DATASET RECORDS
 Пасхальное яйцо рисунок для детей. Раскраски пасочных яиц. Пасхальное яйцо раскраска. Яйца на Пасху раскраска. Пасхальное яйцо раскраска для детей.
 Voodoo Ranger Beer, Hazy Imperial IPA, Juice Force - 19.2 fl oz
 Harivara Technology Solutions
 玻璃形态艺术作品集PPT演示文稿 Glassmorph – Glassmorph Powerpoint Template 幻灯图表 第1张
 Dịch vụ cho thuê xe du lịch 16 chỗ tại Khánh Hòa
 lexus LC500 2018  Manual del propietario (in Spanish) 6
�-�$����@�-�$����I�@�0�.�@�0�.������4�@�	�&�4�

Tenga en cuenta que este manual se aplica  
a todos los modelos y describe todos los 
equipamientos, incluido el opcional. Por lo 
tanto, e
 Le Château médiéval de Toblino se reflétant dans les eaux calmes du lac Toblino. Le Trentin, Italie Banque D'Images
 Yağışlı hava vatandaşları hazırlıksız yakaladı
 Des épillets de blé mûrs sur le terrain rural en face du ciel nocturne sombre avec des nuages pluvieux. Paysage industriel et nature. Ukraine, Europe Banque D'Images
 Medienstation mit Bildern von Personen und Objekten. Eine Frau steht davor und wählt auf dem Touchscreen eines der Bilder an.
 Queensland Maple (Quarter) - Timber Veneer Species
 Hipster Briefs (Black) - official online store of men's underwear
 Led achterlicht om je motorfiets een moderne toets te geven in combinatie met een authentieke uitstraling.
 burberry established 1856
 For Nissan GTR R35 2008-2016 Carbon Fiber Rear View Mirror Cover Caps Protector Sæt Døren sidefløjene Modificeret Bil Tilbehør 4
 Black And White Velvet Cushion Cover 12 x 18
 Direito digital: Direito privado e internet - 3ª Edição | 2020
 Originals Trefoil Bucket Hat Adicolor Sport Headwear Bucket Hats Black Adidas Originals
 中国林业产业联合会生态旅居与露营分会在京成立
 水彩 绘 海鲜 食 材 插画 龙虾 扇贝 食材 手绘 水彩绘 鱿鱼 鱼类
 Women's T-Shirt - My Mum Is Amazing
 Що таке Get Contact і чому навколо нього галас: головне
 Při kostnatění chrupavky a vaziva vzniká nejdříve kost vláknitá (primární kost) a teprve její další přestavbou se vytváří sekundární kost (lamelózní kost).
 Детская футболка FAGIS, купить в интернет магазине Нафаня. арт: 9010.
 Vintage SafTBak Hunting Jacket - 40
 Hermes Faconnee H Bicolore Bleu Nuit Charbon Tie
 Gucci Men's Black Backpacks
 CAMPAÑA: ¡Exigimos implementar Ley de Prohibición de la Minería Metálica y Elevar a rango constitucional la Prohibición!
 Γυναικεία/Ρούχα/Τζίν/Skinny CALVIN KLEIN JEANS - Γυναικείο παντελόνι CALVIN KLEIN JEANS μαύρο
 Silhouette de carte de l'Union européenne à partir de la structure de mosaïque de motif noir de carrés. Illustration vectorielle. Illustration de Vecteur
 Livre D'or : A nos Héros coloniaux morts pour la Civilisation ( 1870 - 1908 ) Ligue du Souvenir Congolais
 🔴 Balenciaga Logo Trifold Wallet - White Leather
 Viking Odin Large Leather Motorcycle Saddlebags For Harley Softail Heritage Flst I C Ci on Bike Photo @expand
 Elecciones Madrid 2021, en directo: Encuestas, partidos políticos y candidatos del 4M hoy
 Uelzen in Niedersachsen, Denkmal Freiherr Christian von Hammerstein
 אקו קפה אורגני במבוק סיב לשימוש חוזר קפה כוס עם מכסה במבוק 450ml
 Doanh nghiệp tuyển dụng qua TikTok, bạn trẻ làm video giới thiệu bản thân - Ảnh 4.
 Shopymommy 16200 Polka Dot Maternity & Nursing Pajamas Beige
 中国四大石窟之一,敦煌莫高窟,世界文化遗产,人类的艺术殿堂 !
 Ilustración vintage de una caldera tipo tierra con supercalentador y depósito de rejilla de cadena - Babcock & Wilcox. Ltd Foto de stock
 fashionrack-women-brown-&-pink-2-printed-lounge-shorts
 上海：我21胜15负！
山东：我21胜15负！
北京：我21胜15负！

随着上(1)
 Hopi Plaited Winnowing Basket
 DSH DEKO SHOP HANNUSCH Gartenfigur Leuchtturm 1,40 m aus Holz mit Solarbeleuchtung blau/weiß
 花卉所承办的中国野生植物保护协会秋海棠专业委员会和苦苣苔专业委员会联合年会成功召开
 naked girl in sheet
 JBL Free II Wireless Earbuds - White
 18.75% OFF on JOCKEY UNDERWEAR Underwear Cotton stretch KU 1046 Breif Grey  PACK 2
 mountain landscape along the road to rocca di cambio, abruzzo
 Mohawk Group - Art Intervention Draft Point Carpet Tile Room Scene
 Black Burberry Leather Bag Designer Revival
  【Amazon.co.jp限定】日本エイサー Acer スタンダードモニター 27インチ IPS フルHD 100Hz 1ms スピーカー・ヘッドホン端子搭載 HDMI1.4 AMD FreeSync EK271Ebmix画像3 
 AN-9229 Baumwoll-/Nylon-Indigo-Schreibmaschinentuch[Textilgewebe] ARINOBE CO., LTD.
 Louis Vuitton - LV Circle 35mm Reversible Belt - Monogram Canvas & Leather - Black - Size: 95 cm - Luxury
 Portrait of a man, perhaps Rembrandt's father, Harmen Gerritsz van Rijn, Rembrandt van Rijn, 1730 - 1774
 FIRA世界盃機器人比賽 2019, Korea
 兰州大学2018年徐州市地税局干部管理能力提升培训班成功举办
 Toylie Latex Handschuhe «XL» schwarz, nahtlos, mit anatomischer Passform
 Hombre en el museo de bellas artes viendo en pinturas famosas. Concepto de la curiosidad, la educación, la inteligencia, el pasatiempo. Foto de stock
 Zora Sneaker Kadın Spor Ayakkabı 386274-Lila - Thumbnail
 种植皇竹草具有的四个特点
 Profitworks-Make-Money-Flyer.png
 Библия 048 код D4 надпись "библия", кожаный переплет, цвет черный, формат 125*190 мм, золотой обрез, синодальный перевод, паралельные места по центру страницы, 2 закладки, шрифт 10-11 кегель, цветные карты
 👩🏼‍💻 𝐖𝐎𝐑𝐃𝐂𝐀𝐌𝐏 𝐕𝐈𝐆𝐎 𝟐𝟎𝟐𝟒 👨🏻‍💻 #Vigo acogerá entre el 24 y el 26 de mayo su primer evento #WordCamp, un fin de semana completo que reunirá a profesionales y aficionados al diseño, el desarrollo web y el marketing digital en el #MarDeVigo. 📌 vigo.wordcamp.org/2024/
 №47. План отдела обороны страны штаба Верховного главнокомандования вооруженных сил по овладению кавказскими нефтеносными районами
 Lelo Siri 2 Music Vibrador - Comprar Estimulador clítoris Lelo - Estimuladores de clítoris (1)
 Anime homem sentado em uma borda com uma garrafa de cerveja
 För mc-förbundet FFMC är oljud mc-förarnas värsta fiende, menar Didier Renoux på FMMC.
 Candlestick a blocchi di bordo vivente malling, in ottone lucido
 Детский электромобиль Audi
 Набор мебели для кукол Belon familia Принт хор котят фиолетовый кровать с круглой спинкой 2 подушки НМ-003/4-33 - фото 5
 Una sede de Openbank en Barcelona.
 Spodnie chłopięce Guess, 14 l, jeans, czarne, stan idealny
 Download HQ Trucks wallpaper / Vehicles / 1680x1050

EXERCISE DETAILS
I'd like the number of lines in the listing above that contain the string "White", and only the number.

ANSWER SECTION
3